Each process has three capability sets:

  • The effective set (pE) contains the capabilities it can use right now.

  • The permitted set (pP) contains those that it can add back into its effective set.

  • The inheritable set (pI) is used to determine its new sets when it executes a new file.

Files also have effective (fE), permitted (pP) and inheritable (fI) sets used to calculate the new capability sets of a process executing it.

At any time, a process can use cap_set_proc() to remove capabilities from any of the three sets.

Capabilities can be added to the effective set only if they are currently in its permitted set. They never can be added to the permitted set. And, they can be added to the inheritable set only if they are in the permitted set or if CAP_SETPCAP is in pE. When a process executes a new file, its new capability sets are calculated as follows:

  • The inheritable set remains unchanged.

  • The new permitted set is filled with both the file permitted set (masked with a bounding set, but for this article, I assume that always is full) and any capabilities present in both the file and process inheritable sets.

  • Capabilities in the file permitted set will be available to the new process—an example use for this is the ping program. Ping needs only the capability CAP_NET_RAW in order to craft raw network packets. It is typically setuid-root, so all users can run it. By placing CAP_NET_RAW in ping's permitted set, all users will receive CAP_NET_RAW while running ping.
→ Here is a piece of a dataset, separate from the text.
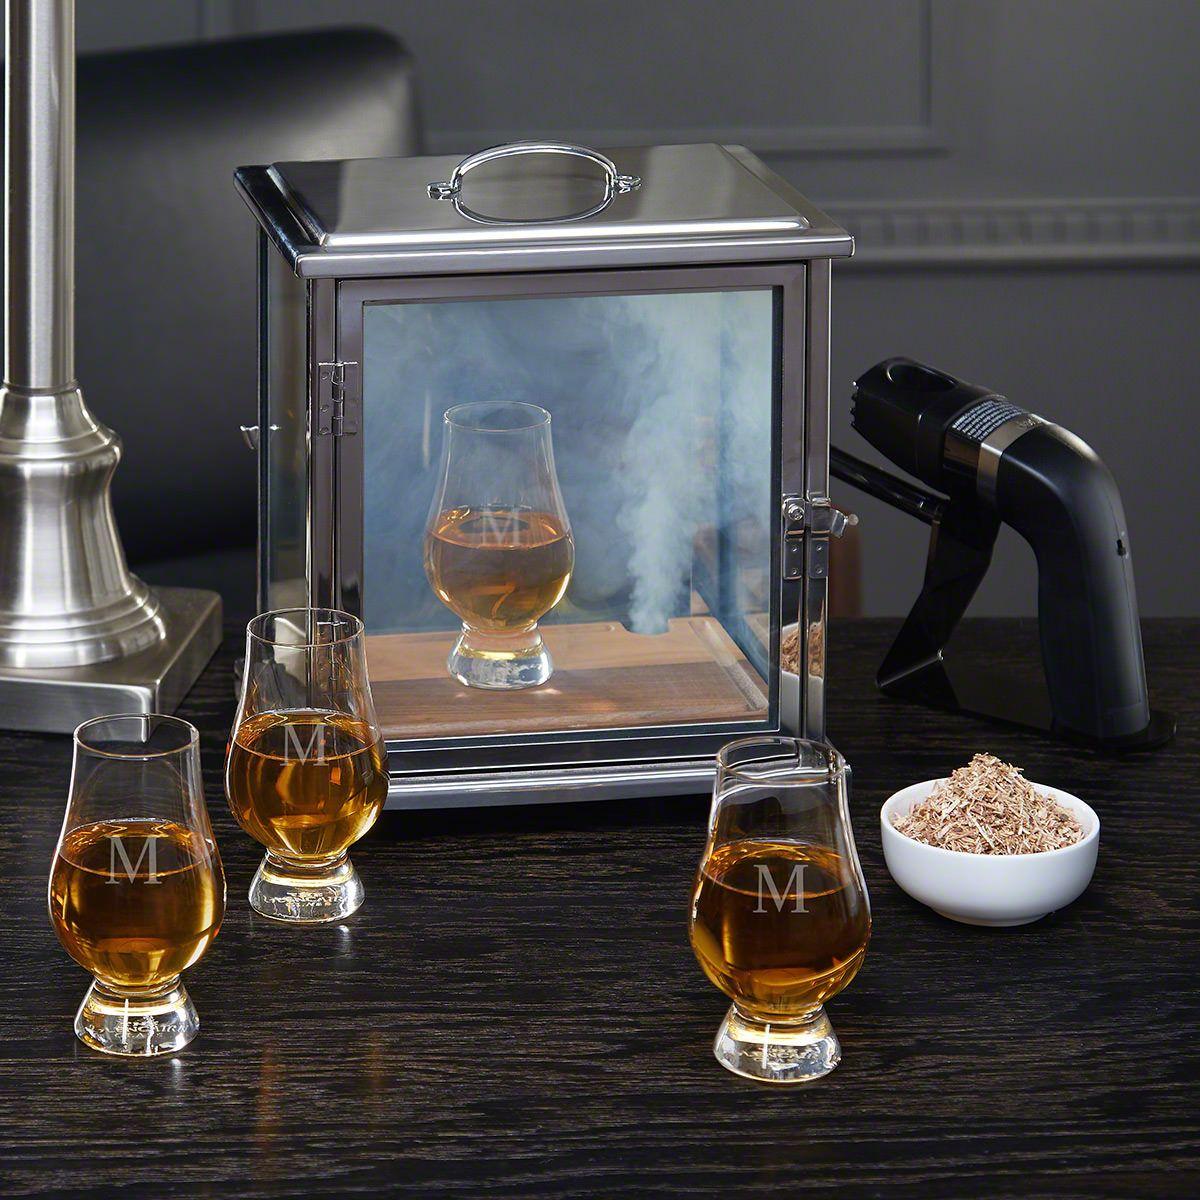 Advanced Smoke Box Kit with Engraved Glencairn Whiskey Glasses

  • Capabilities in the file inheritable set are available to a process only if they also are in the process inheritable set—an example of this would be to allow some users to renice other user's tasks. Simply arrange (as I explain a bit) for CAP_SYS_NICE to be placed in their pI on login, as well as in fI for /usr/bin/renice. Now, ordinary users can run renice without privilege, and the “special” users can run renice, but no other programs, with CAP_SYS_NICE.
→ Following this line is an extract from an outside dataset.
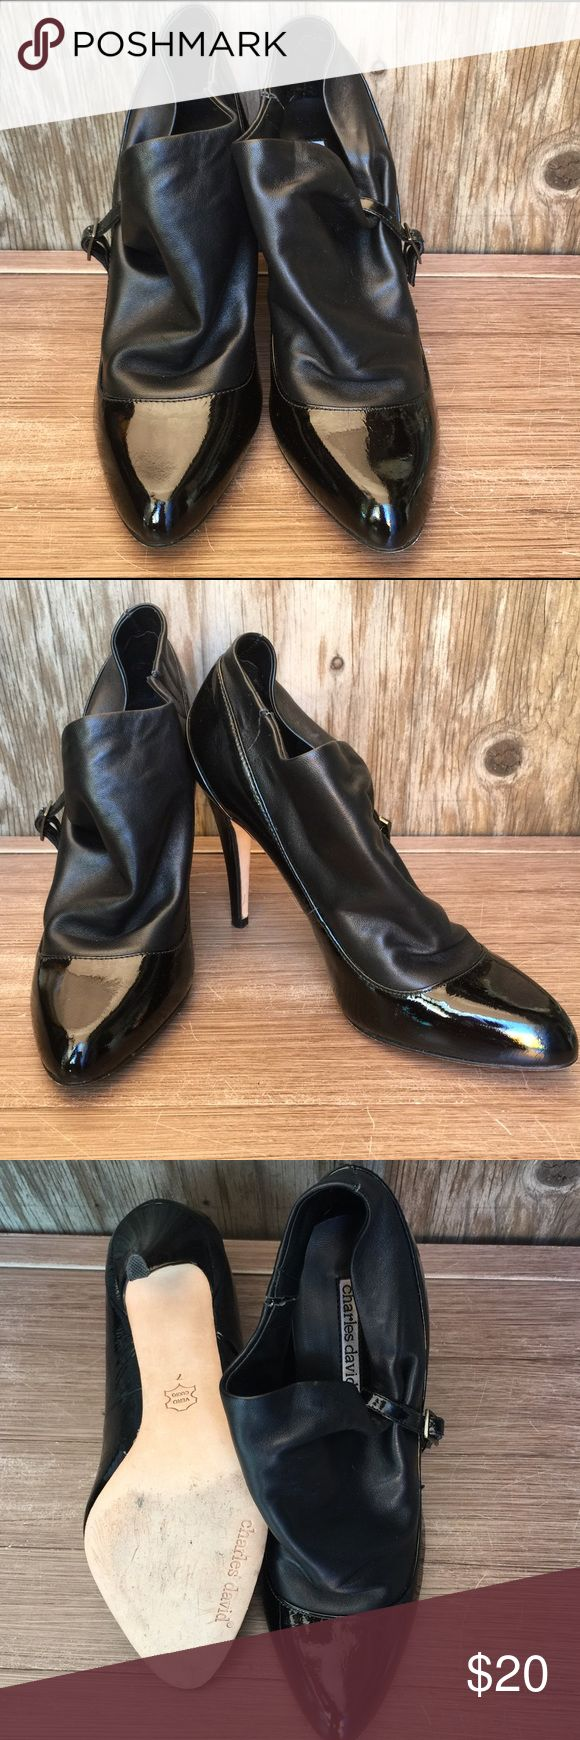 Heels 👠 Excellent Condition. Charles David Charles David Shoes Heels

  • The effective set is by default empty, or, if the legacy bit is set (see The File Effective Set, aka the Legacy Bit sidebar), it is set to the new permitted set.

The File Effective Set, aka the Legacy Bit

Linux has an unfortunate discrepancy between the setcap command API and what it actually does. Although setcap expects the user to define a file effective set, the kernel simply knows about a “legacy bit”. Practically speaking, if the file effective set is empty, the legacy bit is not set. If all bits in the file permitted and inheritable sets are in the effective set, the legacy bit is set. If only a subset of those bits are in the effective set, setcap will return an error.
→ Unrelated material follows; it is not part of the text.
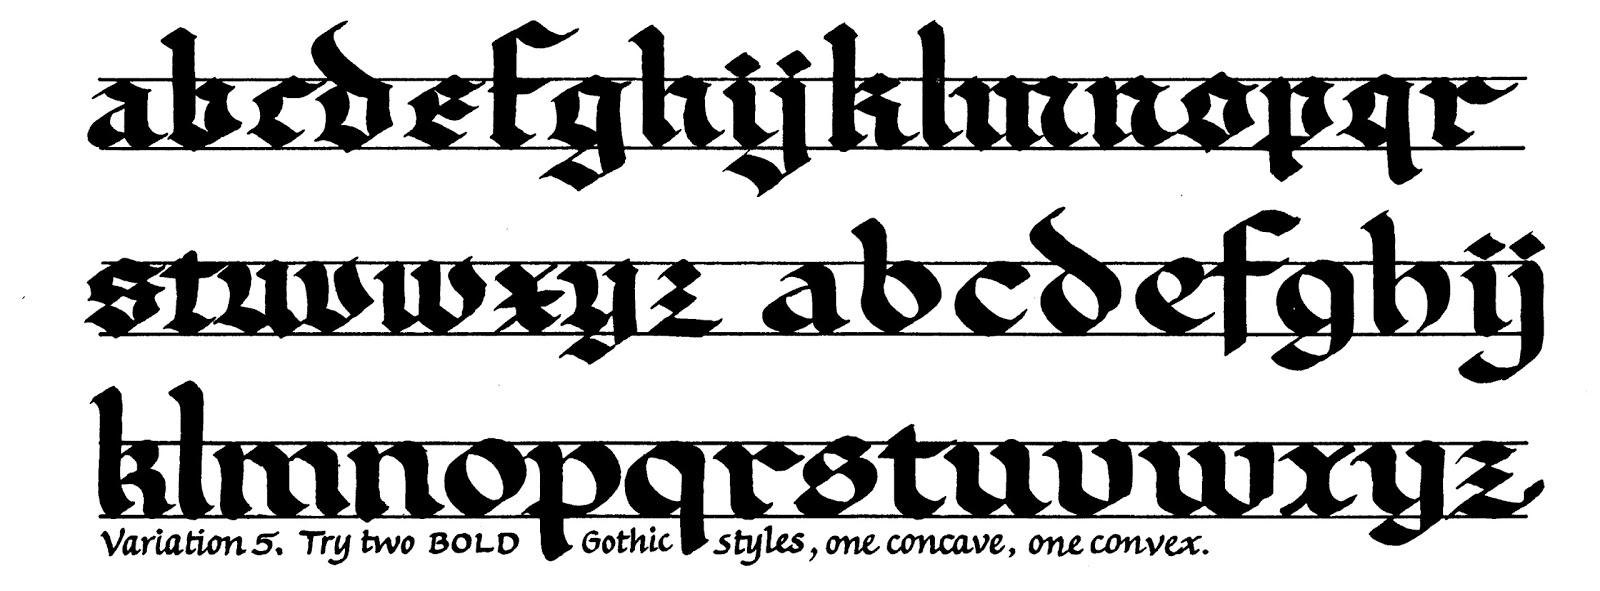 Margaret Shepherd Calligraphy Blog 144 Deflated Short Gothic

The reasoning for the setcap API command is that Linux is loathe to change userspace APIs. The reason for using the legacy bit is that we want to encourage applications to begin with an empty effective set if they are capability-aware. Hence, the file effective set should be empty unless the application is not capability-aware. But if the application is not capability-aware, all capabilities available to it must be in its effective set from the start.

The Privileged Root

As mentioned previously, Linux continues to emulate a privileged root user. This is done by perverting the capabilities behavior of exec() and setuid(). Briefly, if your effective userid is 0 when you execute a file, or if you execute a setuid root file, your permitted and effective sets are filled. If only your “real” userid is 0 (for instance, a root-owned process executes a setuid-nonroot file), only your permitted set is filled. When you change part of your userid from root to nonroot, your effective capability set is cleared. When you permanently change your userid from root to nonroot, your permitted set is cleared as well. And, if you switch your effective userid back to root, your permitted set is copied back into your effective set.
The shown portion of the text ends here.